• _YOUR TASK_
An exact, complete printout of the listing is wanted, minus its images.

• _INFORMATION SUPPLIED_

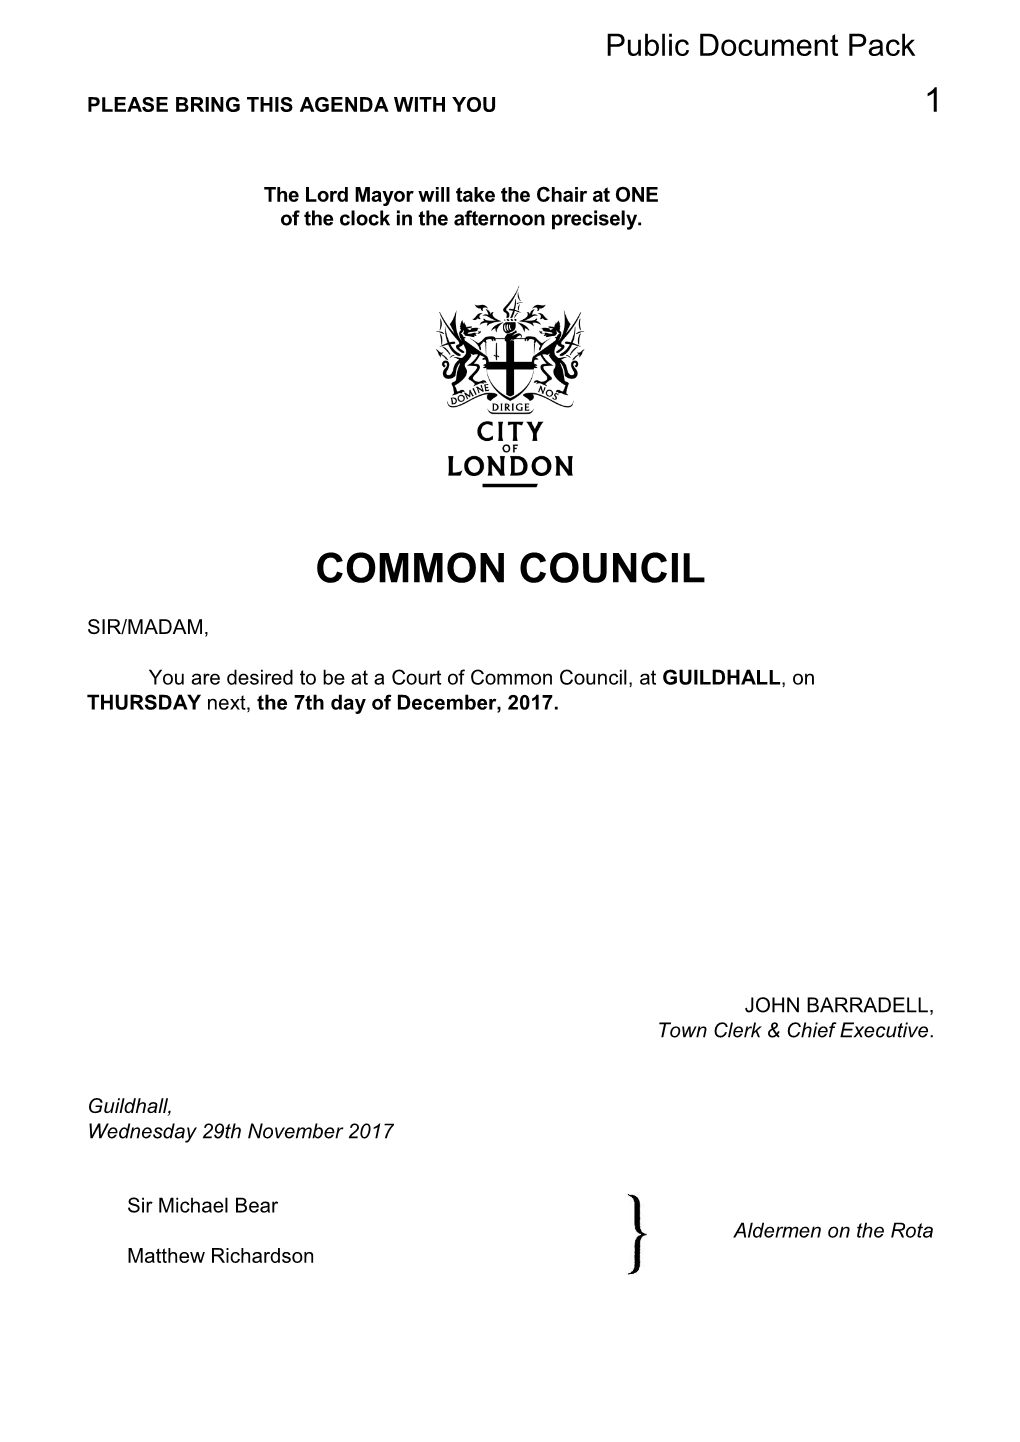 (Public Pack)Agenda Document for Court of Common Council, 07/12
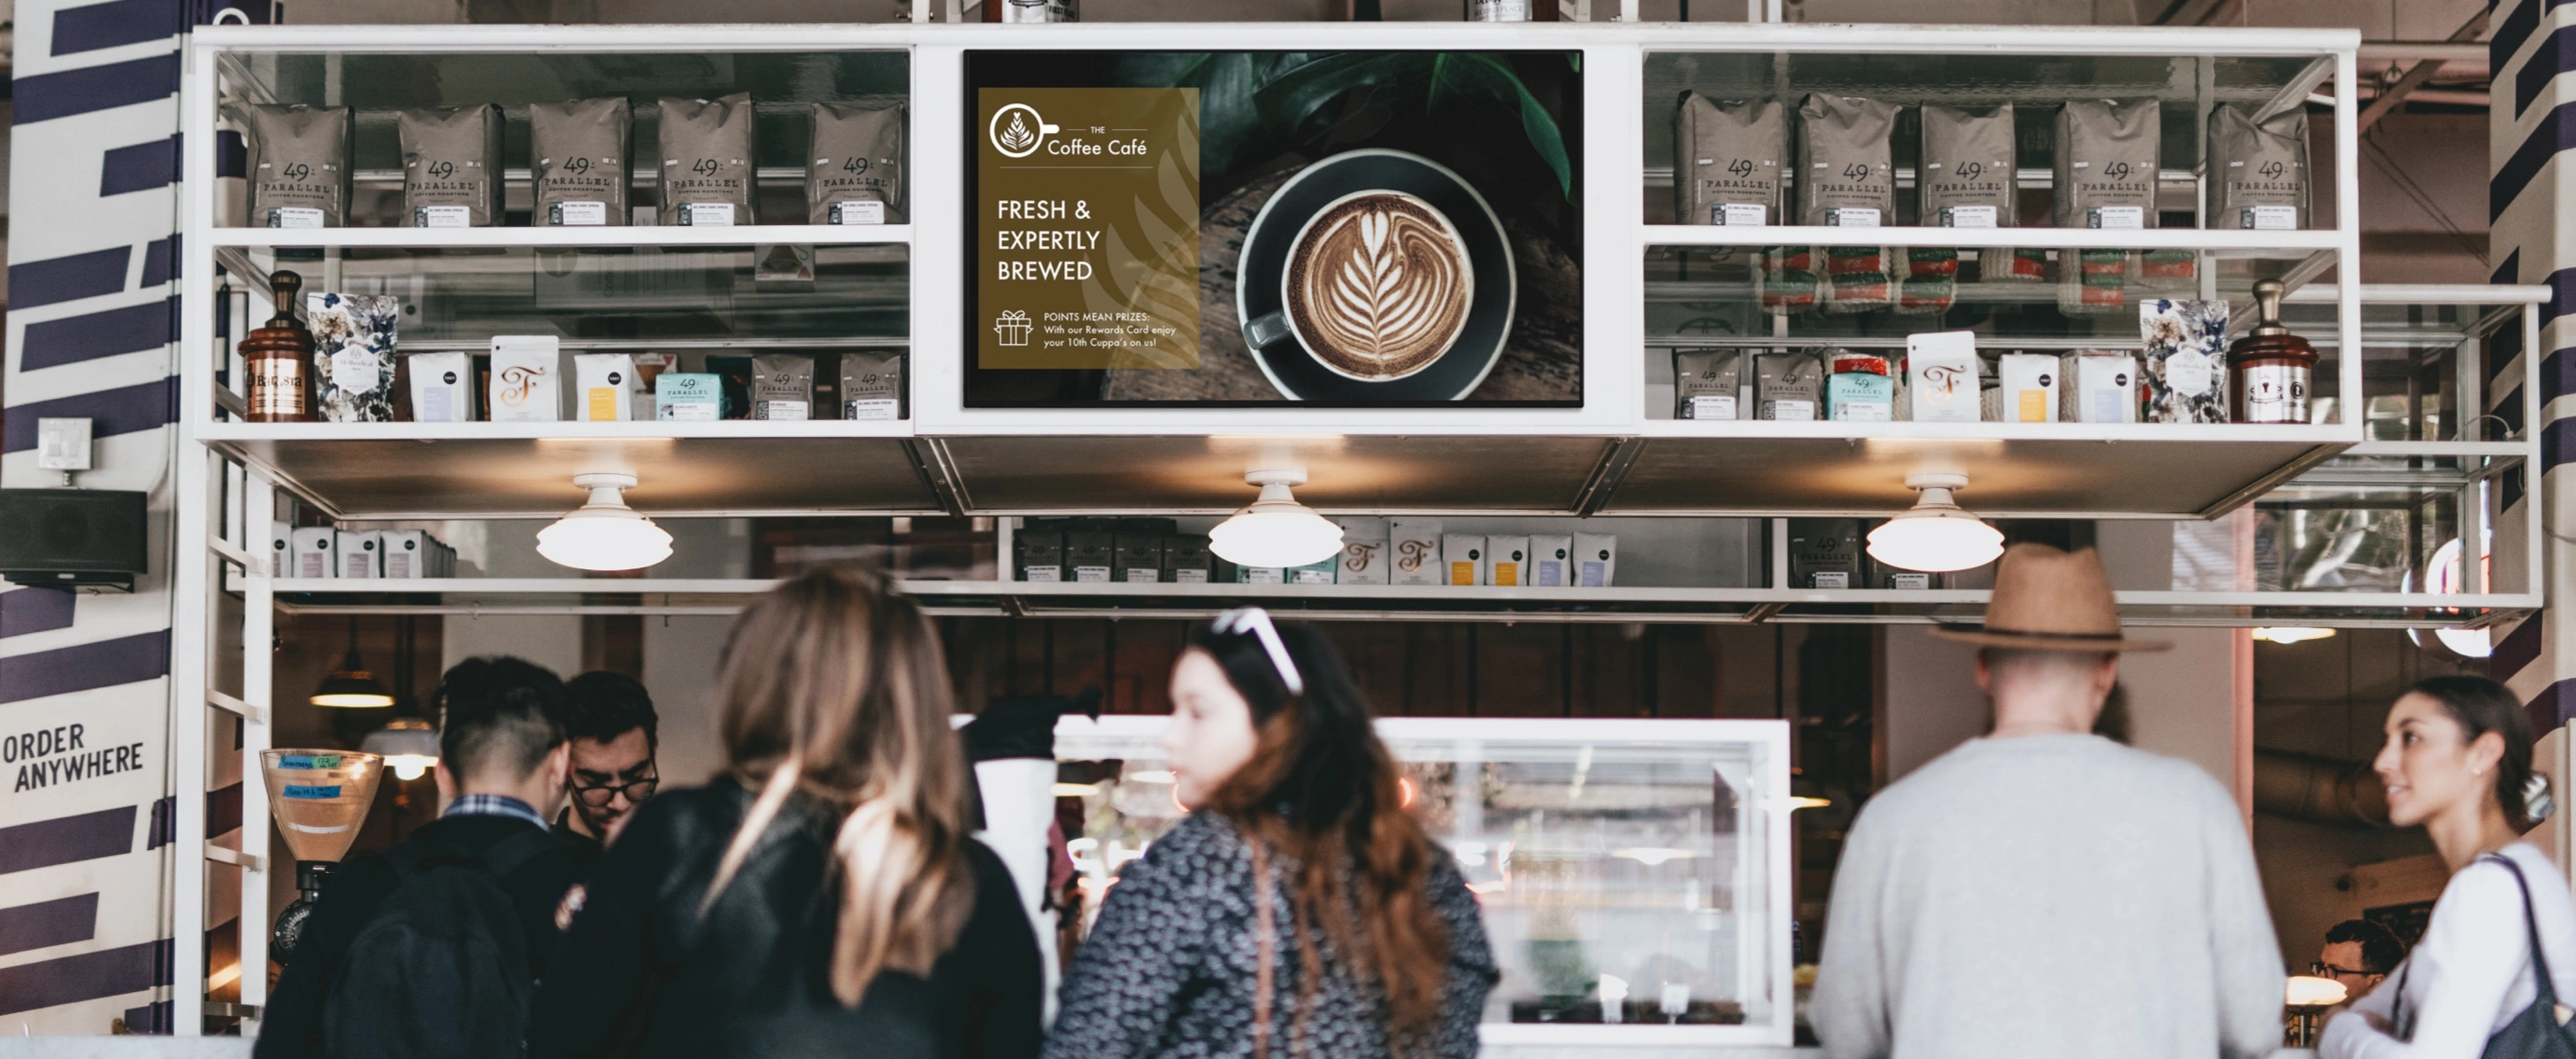 CM Series display screen showing rewards card information in a coffee shop
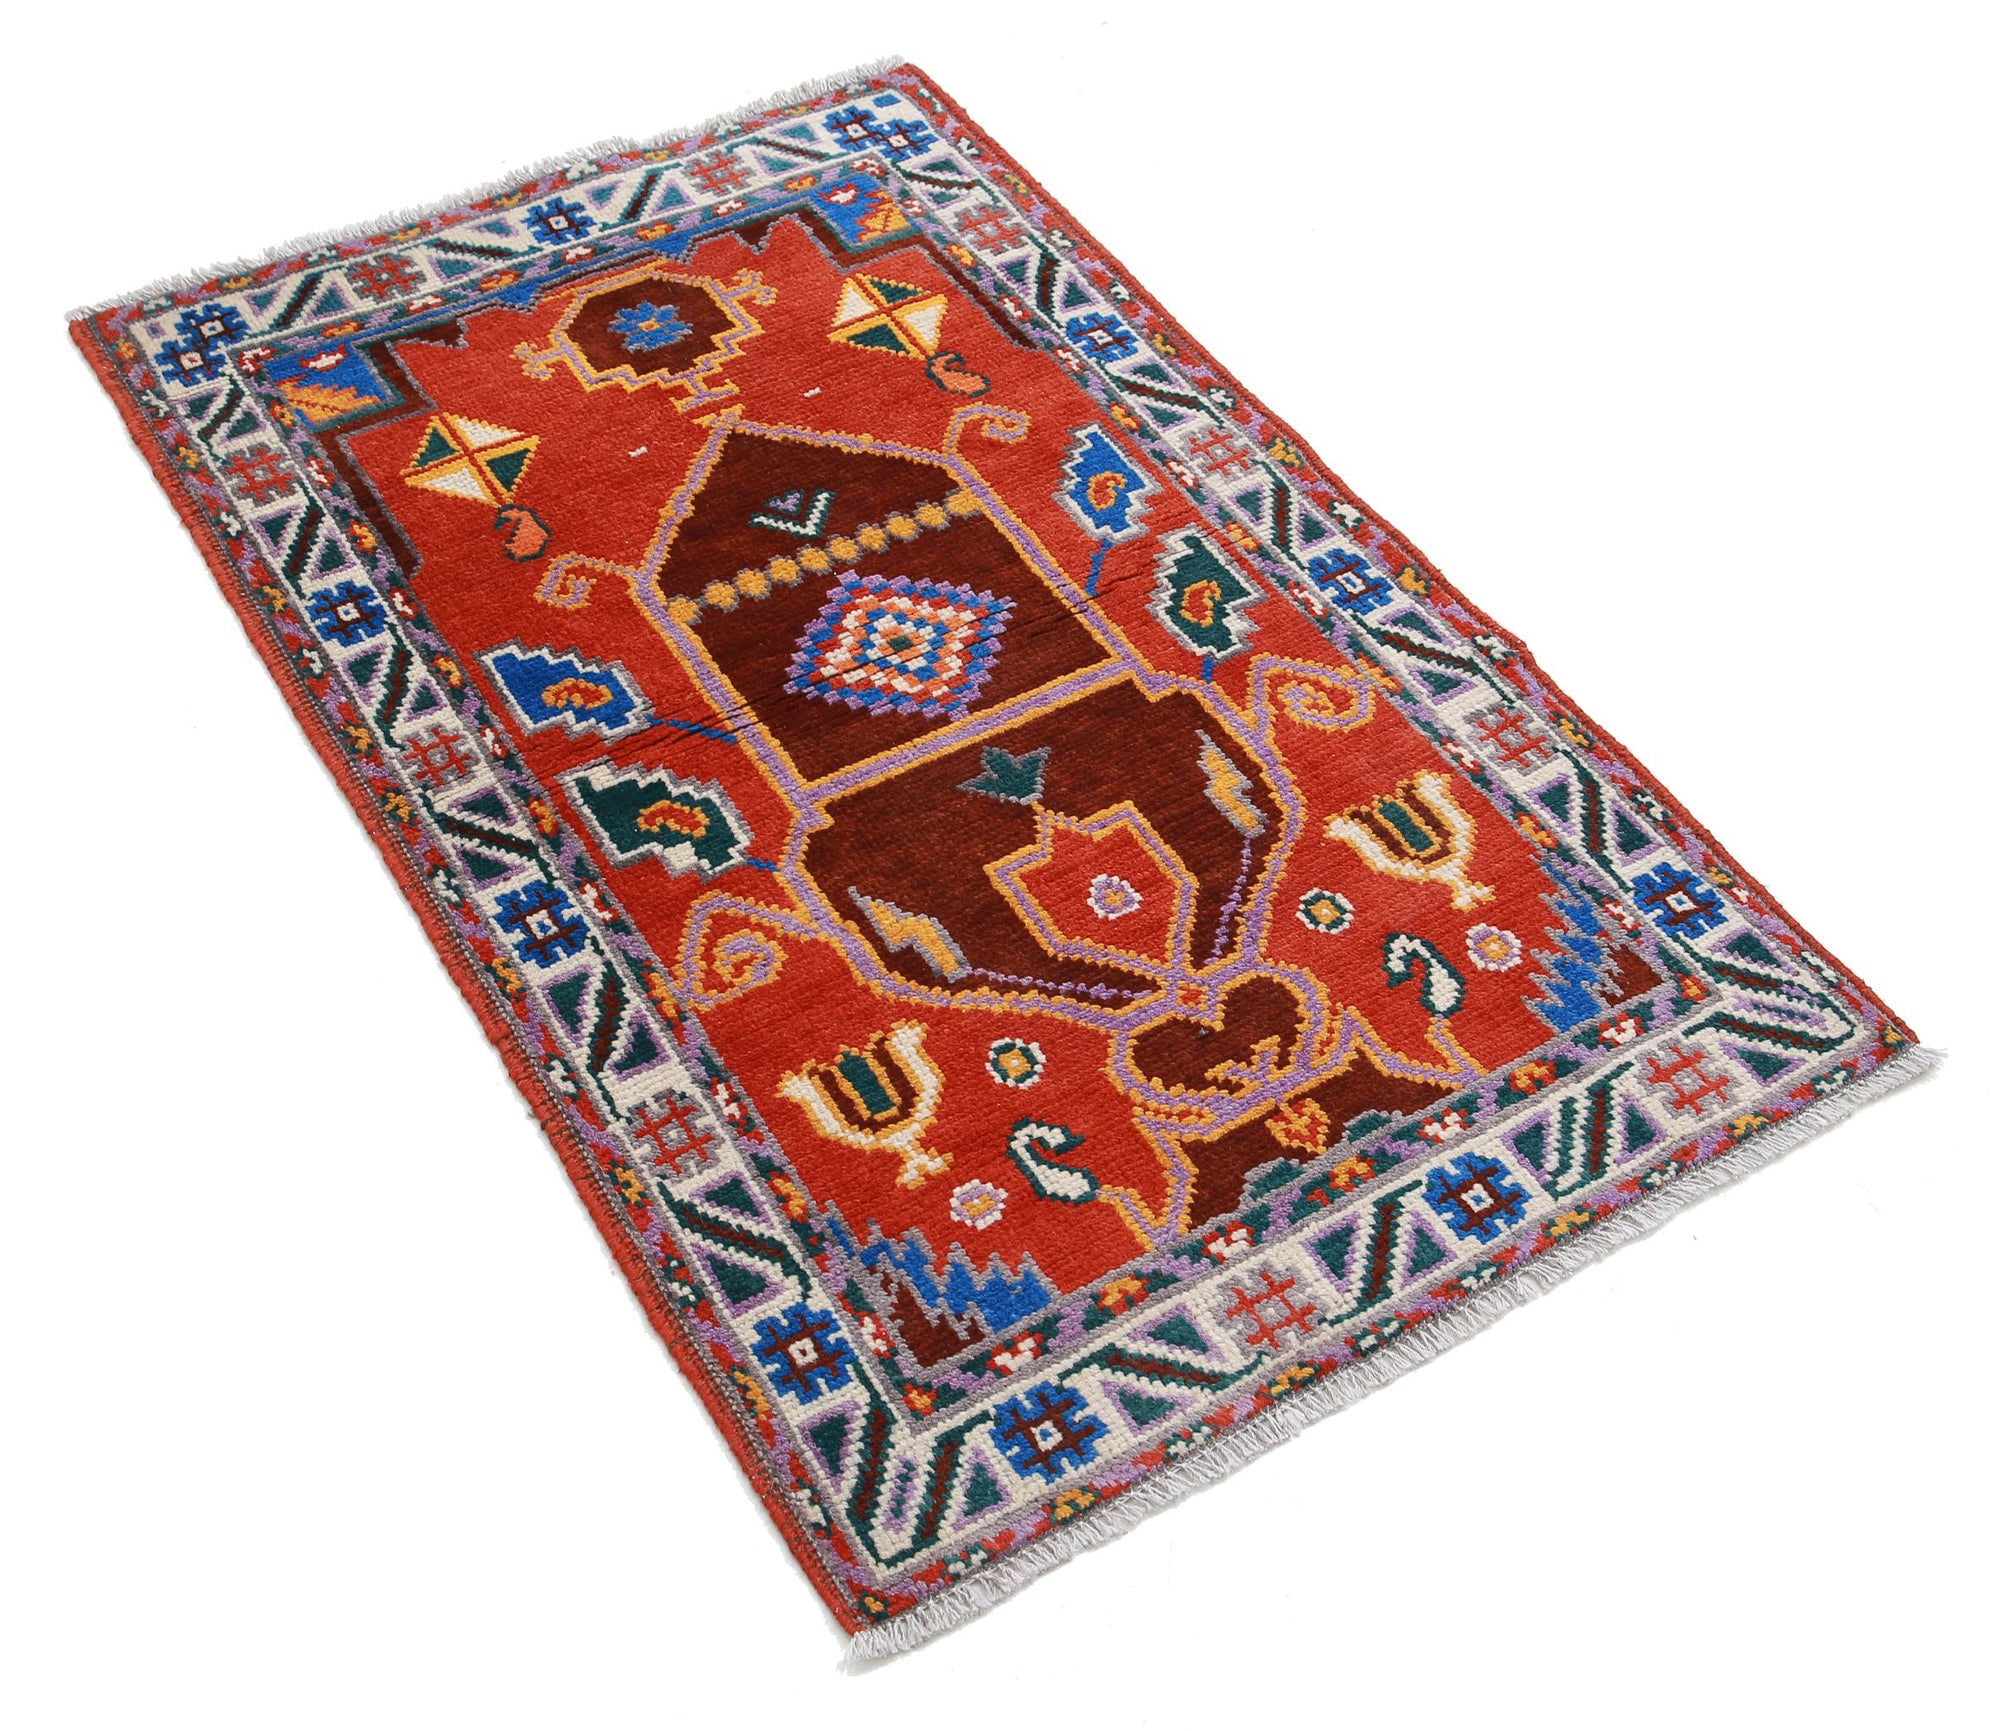 Revival-hand-knotted-qarghani-wool-rug-5014195-1.jpg

• _RESPONSE_
 (Public Pack)Agenda Document for Court of Common Council, 07/12
 CM Series display screen showing rewards card information in a coffee shop
 Revival-hand-knotted-qarghani-wool-rug-5014195-1.jpg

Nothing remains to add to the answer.